About this exercise =
The data below holds the lines to copy: everything from the line containing "Пожар в запорожской" to the line containing "Kveld på Rjåhornet, Nerlandsøya", both ends included, set down exactly.
(Exercise inputs begins)
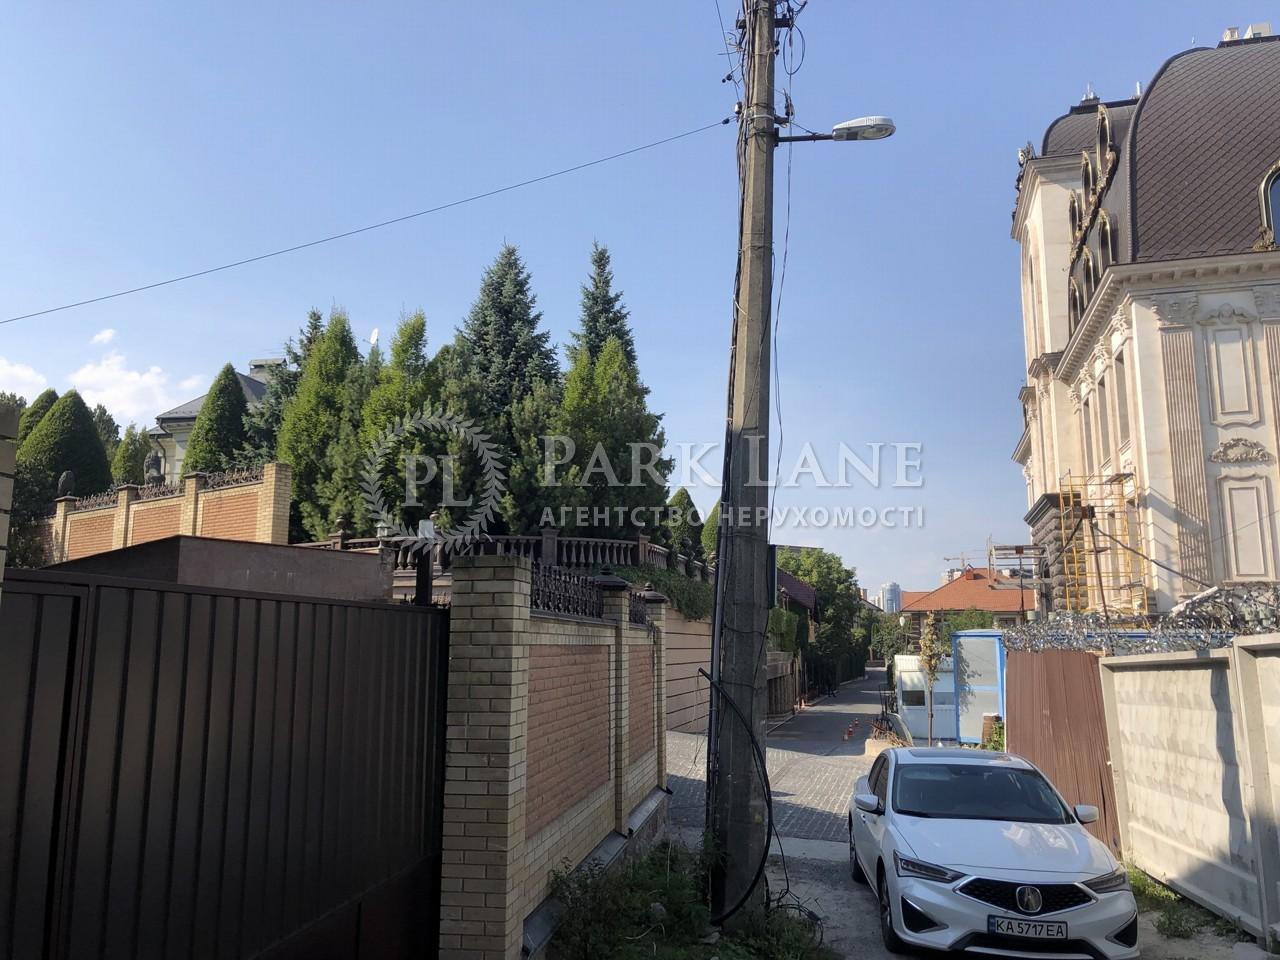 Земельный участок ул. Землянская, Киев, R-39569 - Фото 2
(Exercise inputs ends)
(Exercise inputs begins)
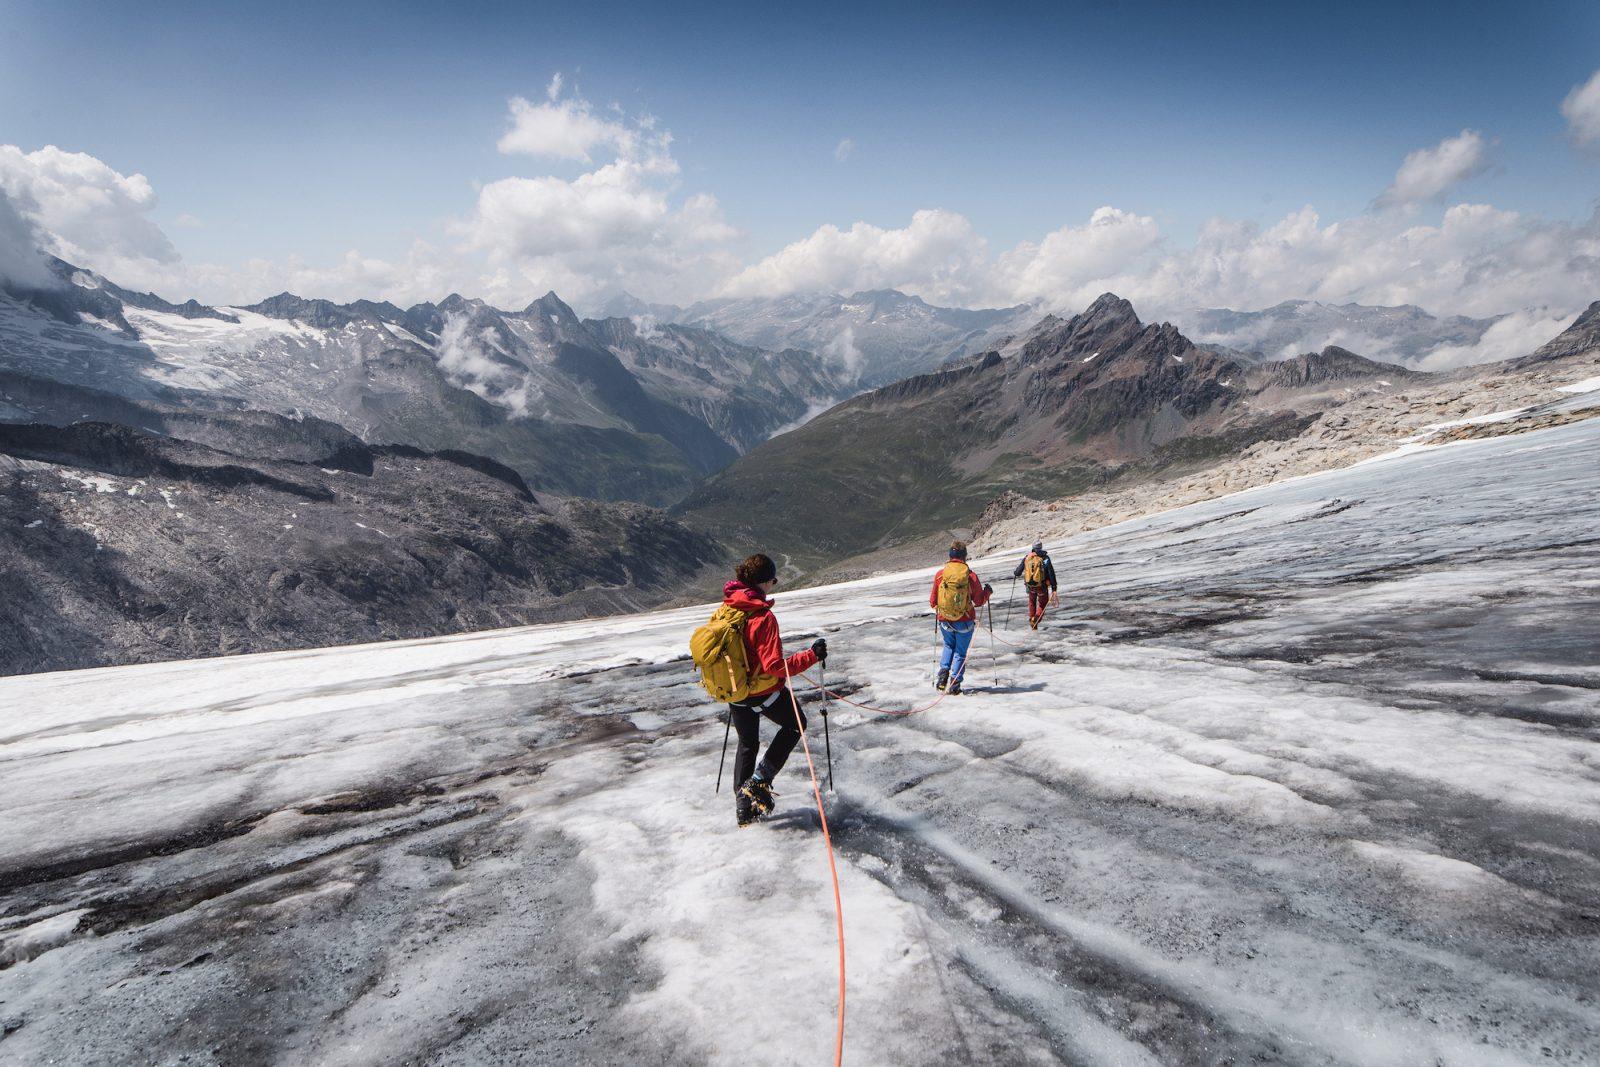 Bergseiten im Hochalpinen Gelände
(Exercise inputs ends)
(Exercise inputs begins)
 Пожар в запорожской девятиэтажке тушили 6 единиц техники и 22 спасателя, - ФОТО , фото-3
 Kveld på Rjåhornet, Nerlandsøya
(Exercise inputs ends)
Answer to this exercise =
 Пожар в запорожской девятиэтажке тушили 6 единиц техники и 22 спасателя, - ФОТО , фото-3
 Kveld på Rjåhornet, Nerlandsøya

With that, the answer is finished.